Incorporate these custom values into the values file you use to deploy Camunda (see Install Camunda with Helm):

helm install camunda camunda/camunda-platform --version $HELM_CHART_VERSION -f values-combined-ingress.yaml

After deployment, access the Camunda 8 components at:

  • Applications: https://camunda.example.com/[identity|operate|optimize|tasklist|modeler|console|zeebe]
  • Web Modeler WebSocket: Web Modeler exposes a WebSocket endpoint on https://camunda.example.com/modeler-ws. This is only used internally by the application and not for direct user access.
  • Keycloak authentication: https://camunda.example.com/auth
  • Zeebe Gateway: grpc://zeebe.camunda.example.com
note

This configuration shows only the Ingress-related values for webModelerand Console. For full setup, see Enable Web Modeler, Console, and Connectors.

Ingress controllers

Ingress resources require the cluster to have a running Ingress Controller. There are many options for configuring your Ingress Controller. If you use a cloud provider such as AWS or GCP, follow their Ingress setup guides if an Ingress Controller is not already pre-installed. For AWS EKS Ingress configuration, see Install Camunda 8 on an EKS cluster.

Local setup example

An Ingress controller is also required for local Camunda 8 installation.

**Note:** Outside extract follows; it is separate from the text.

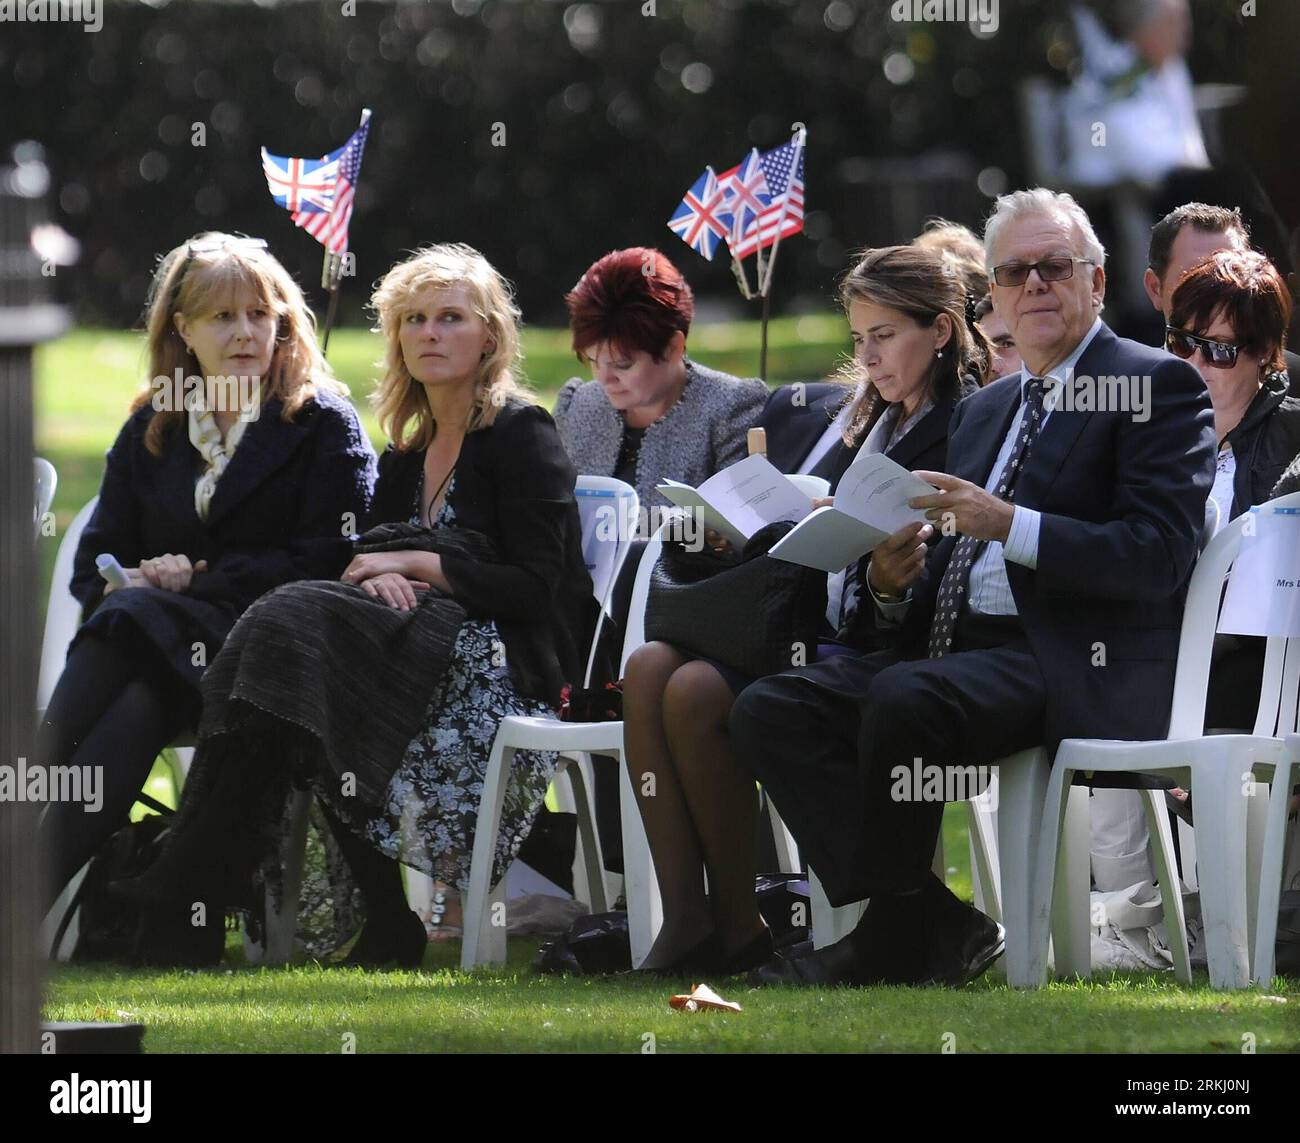 Bildnummer: 55936785  Datum: 11.09.2011  Copyright: imago/Xinhua (110912) -- LONDON, Sept. 11, 2011 (Xinhua) -- Relatives of the British victims of the 9/11 attack attend a memorial service at the Grosvenor Square in London, Britain, Sept. 11, 2011, the 10th anniversary of the 9/11 terrorist attack. Services are held across London to commemorate the victims, among whom 67 were from the UK, of the attack happening on Sept. 11, 2001 in the United States. (Xinhua/Zeng Yi) UK-LONDON-9/11-ANNIVERSARY PUBLICATIONxNOTxINxCHN Gesellschaft Gedenken 9 11 9 11 September Jahrestag x0x xtm 2011 quadrat Stock Photo

The following example shows an Ingress controller configuration using the ingress-nginx controller:

# ingress_nginx_values.yml
controller:
  updateStrategy:
    type: RollingUpdate
    rollingUpdate:
      maxUnavailable: 1
  service:
    type: NodePort

  publishService:
    enabled: false

Install the ingress-nginx controller to your local cluster:

helm install -f ingress_nginx_values.yml \
    ingress-nginx ingress-nginx \
    --repo https://kubernetes.github.io/ingress-nginx \
    --version "4.9.0" \
    --namespace ingress-nginx \
    --create-namespace

Troubleshooting

If Ingress is not working as expected, see Camunda components troubleshooting.